Darden is working to turn around its largest brands by limiting the extent of menu-price increases and reducing the number of new restaurants. For example, Olive Garden will open 15 new stores in fiscal 2014, down from 36 this year. The company already has kicked off a cost-cutting program that has resulted in about $130 million in annual savings, which will grow to $170 million to $195 million a year.

Simultaneously, Darden wants to promote its smaller, lesser-known but faster-growing brands. In addition to Yard House, they include Bahama Breeze, Eddie V's, Capital Grille, and Seasons 52. With mostly positive same-store sales and room to open new restaurants, the specialty group now has 168 restaurants that represent about 10% of sales.


   The Bottom Line

If Darden cuts menu prices and costs, its shares could rise 35% to $66.

 

"We're...reshaping our portfolio to increase the size and contribution of the specialty-restaurant group, which is something that broadens our guest and occasion base," said CEO Clarence Otis on Friday's call. "We think we're well positioned as an organization, given the strength of our brands, the collective experience and expertise we have, and the operating cash flows we have, to make the changes that are needed."

There's more to do, argues Howard Penney, a managing director and restaurant analyst at Hedgeye Risk Management, who correctly called the stock's decline earlier this year and now believes that the shares are worth $66 apiece, sharply north of today's $49 share price.

 

Limiting the rise in prices for an average dinner isn't enough. Prices must come down, Penney argues, as well as costs. "Either the current management team makes [big changes], or I think someone will come in and force them to do so or push them out," Penney says.

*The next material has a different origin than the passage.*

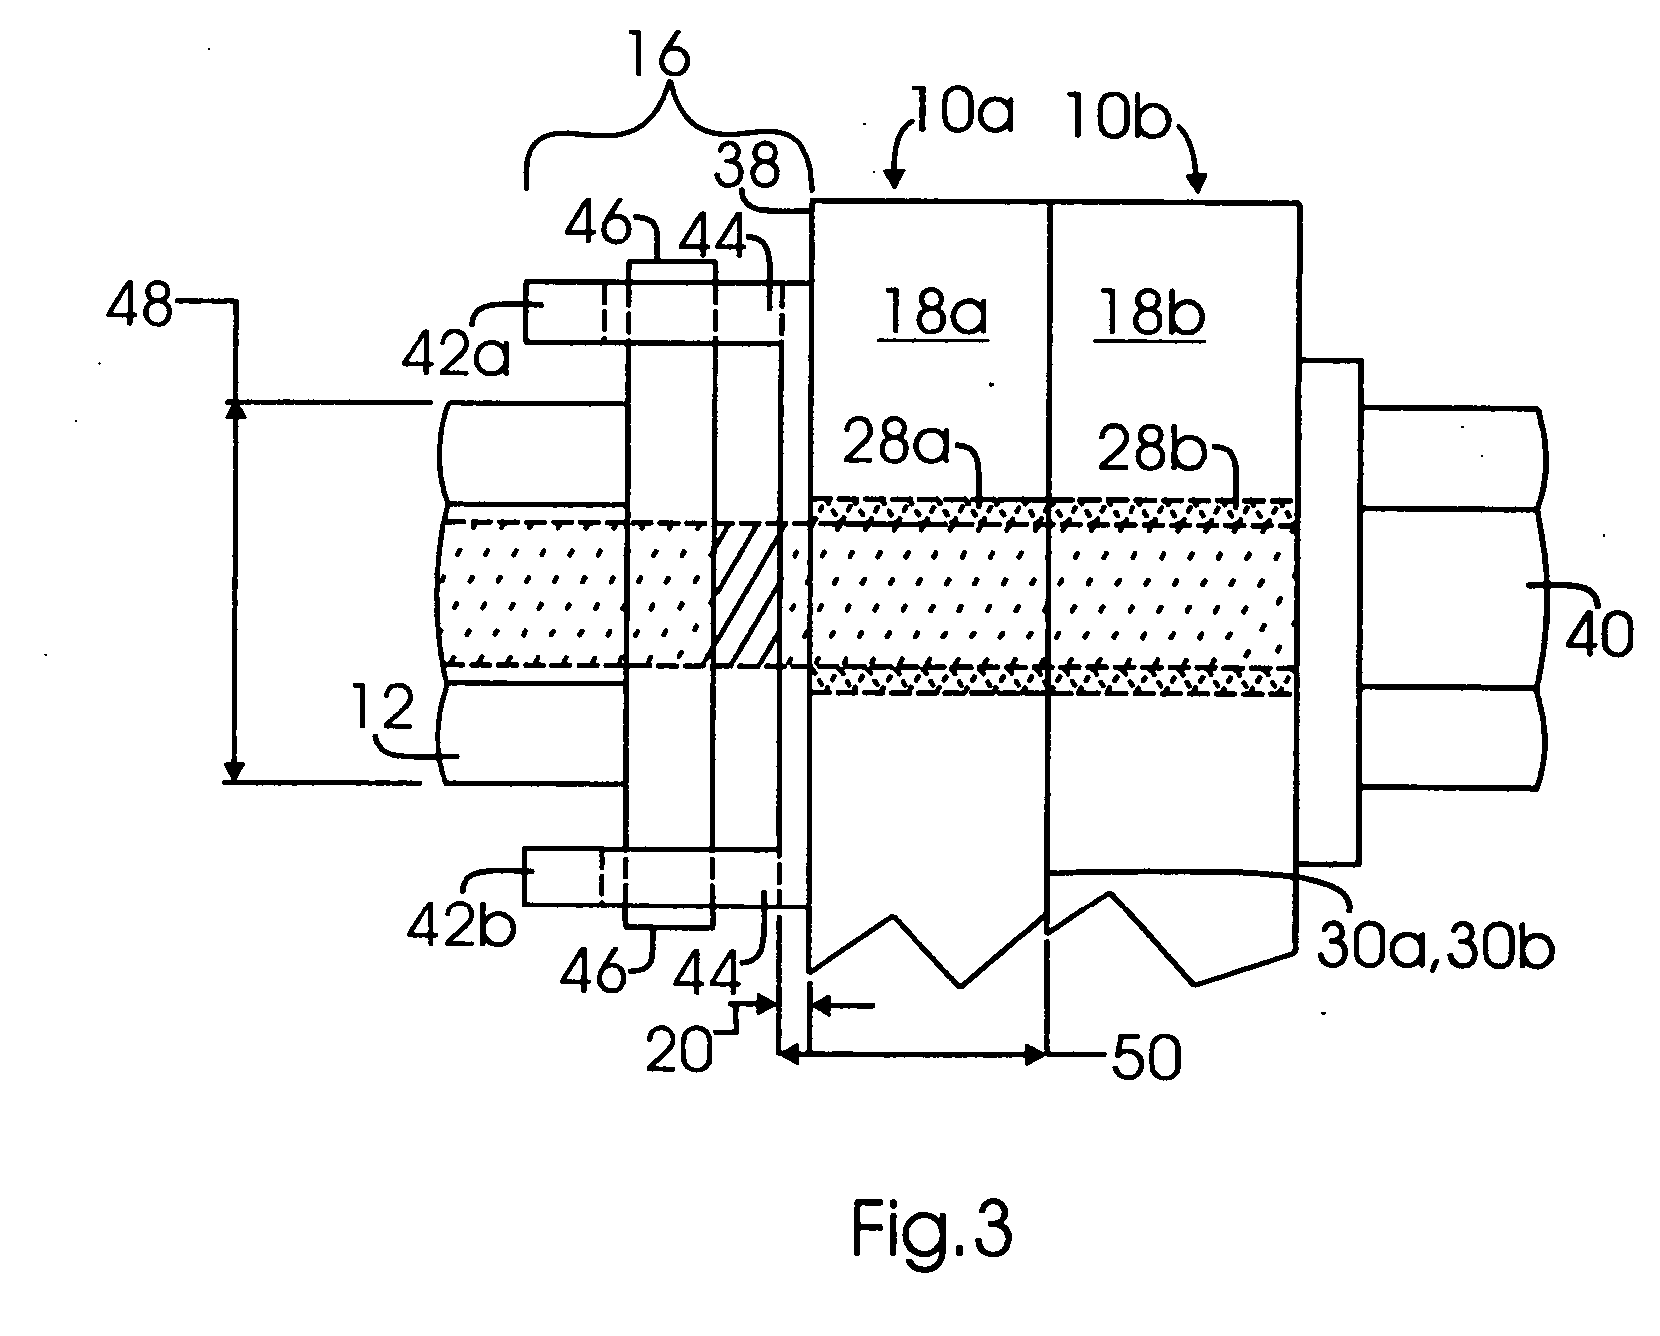 Built-in attachment device using selective laser sintering

Aside from posting better earnings, Darden could have other appeals for shareholders. It could be an attractive target for a private-equity investor or activist manager because it throws off strong cash flows—an estimated $950 million this year. Cash flows support a $2 a share dividend, which equates to a 4% yield, among the few payouts in the industry (see table); the company confirmed on Friday that it plans to increase the payout. Darden also owns the land and buildings for 55% of its restaurants, which Penney values at $20 a share. His sum-of-the-parts valuation concludes that the company is worth $66 a share.

Turnarounds are often messy, and they usually take longer than expected to emerge from the kitchen. But properly prepared, a transformation could make Darden shares an appetizing meal.